Çay, yağ, makyaj, çikolata lekeleri… Gün içinde fark etmeden üzerinize bulaşan lekeler artık kâbus olmaktan çıkıyor. Siemens iQ500 çamaşır makinesi ile stainRemoval teknolojisi devreye giriyor. Tek bir dokunuşla çay, yağ, kozmetik veya günlük hayatta karşılaştığınız diğer zor lekeler için özel programları aktif edebilirsiniz. 

Siemens Home Connect uygulaması sayesinde daha fazla leke türünü ve bunlar için geliştirilmiş özel programları keşfetmek de mümkün. Yani sadece “lekeyi çıkar” demekle kalmıyor, sizin için en doğru yıkama programını da otomatik olarak öneriyor. Böylece hem lekelerle uğraşmak zorunda kalmıyor hem de giysilerinizin ömrünü koruyorsunuz. 

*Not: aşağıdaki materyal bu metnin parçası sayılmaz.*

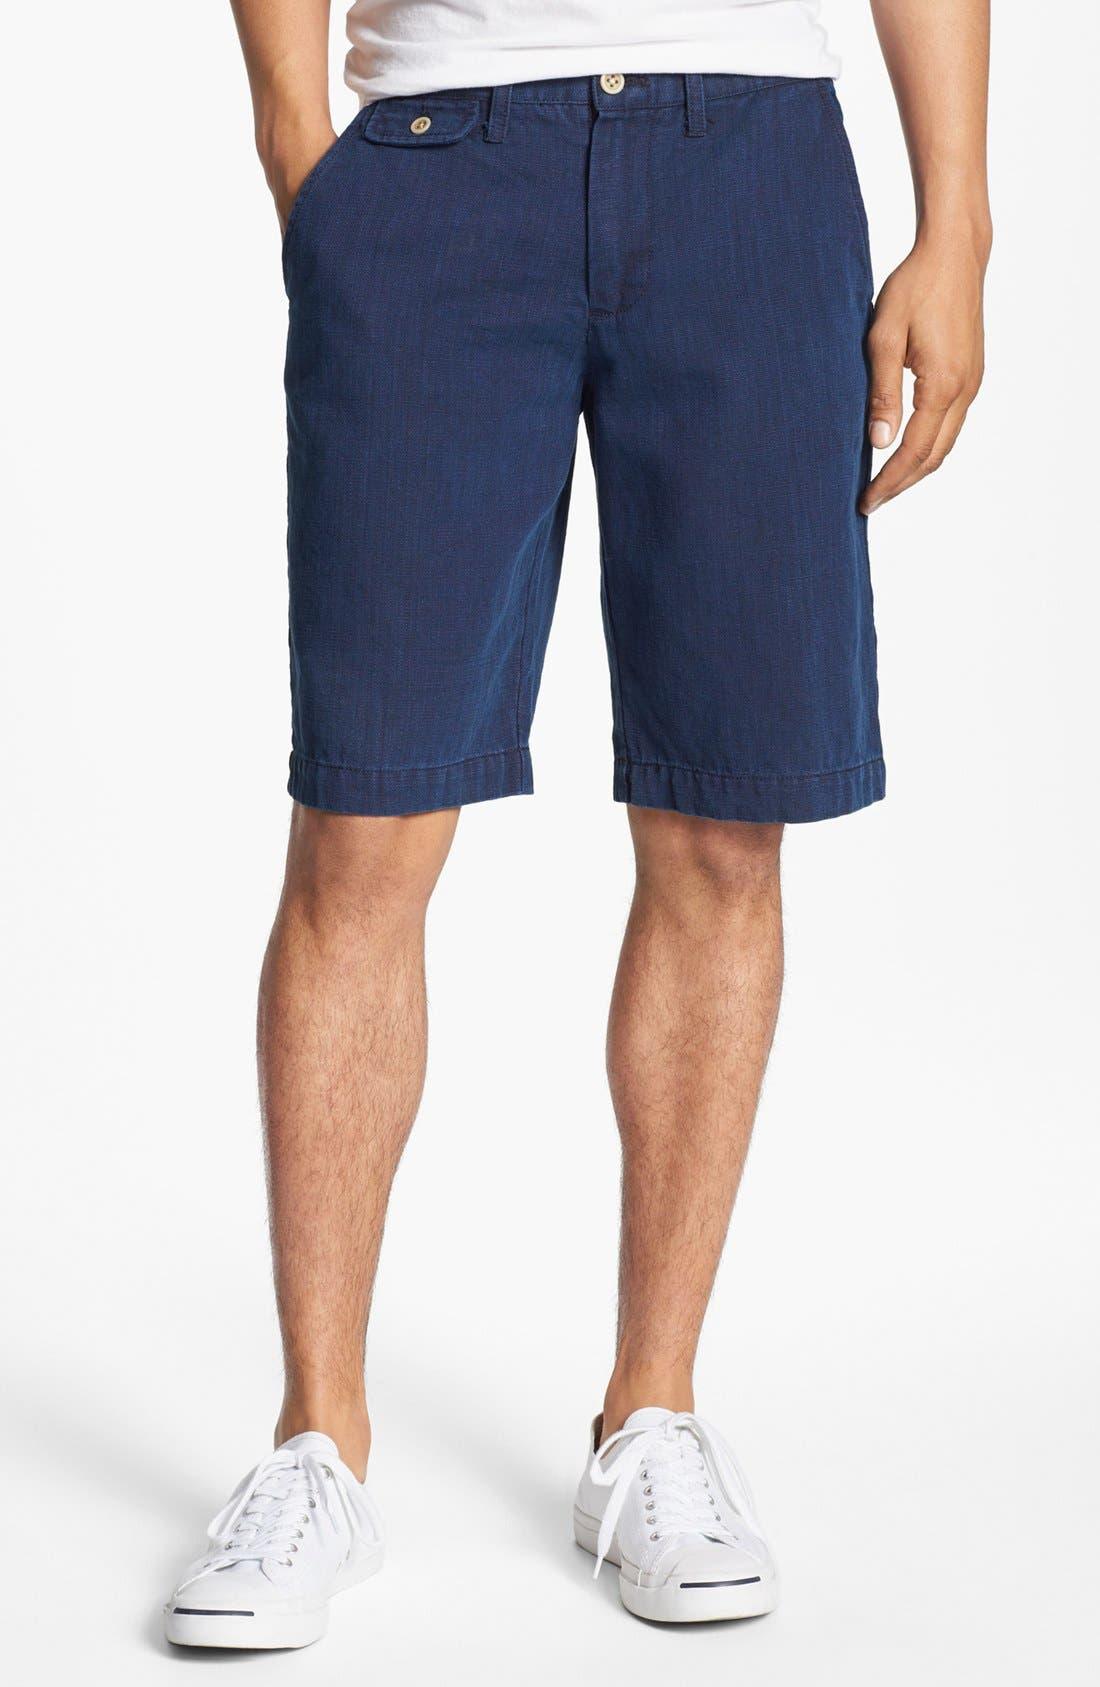 Alternate Image 1 Selected - Just A Cheap Shirt 'Guam' Linen Shorts

Artık çocuğunuza yemek yedirirken dökülen yemek lekeleri, kahve kazaları ya da mutfakta sıçrayan yağ lekeleri sizi endişelendirmiyor. stainRemoval, günlük hayatın getirdiği küçük sürprizlere karşı en güvenilir yardımcınız oluyor. 

Siemens iQ500 çamaşır ve kurutma makineleri, artık sadece kıyafetlerinizi temizleyen makineler değil; size zaman, konfor ve güven veren akıllı iş ortaklarınızdır. Ütüye harcadığınız vakti kendinize ayırın, lekelerle uğraşmayı unutun ve teknolojinin yaşam alanınıza uyumunun keyfini yaşayın.

*Bu yazı Siemens’in katkılarıyla hazırlanmıştır.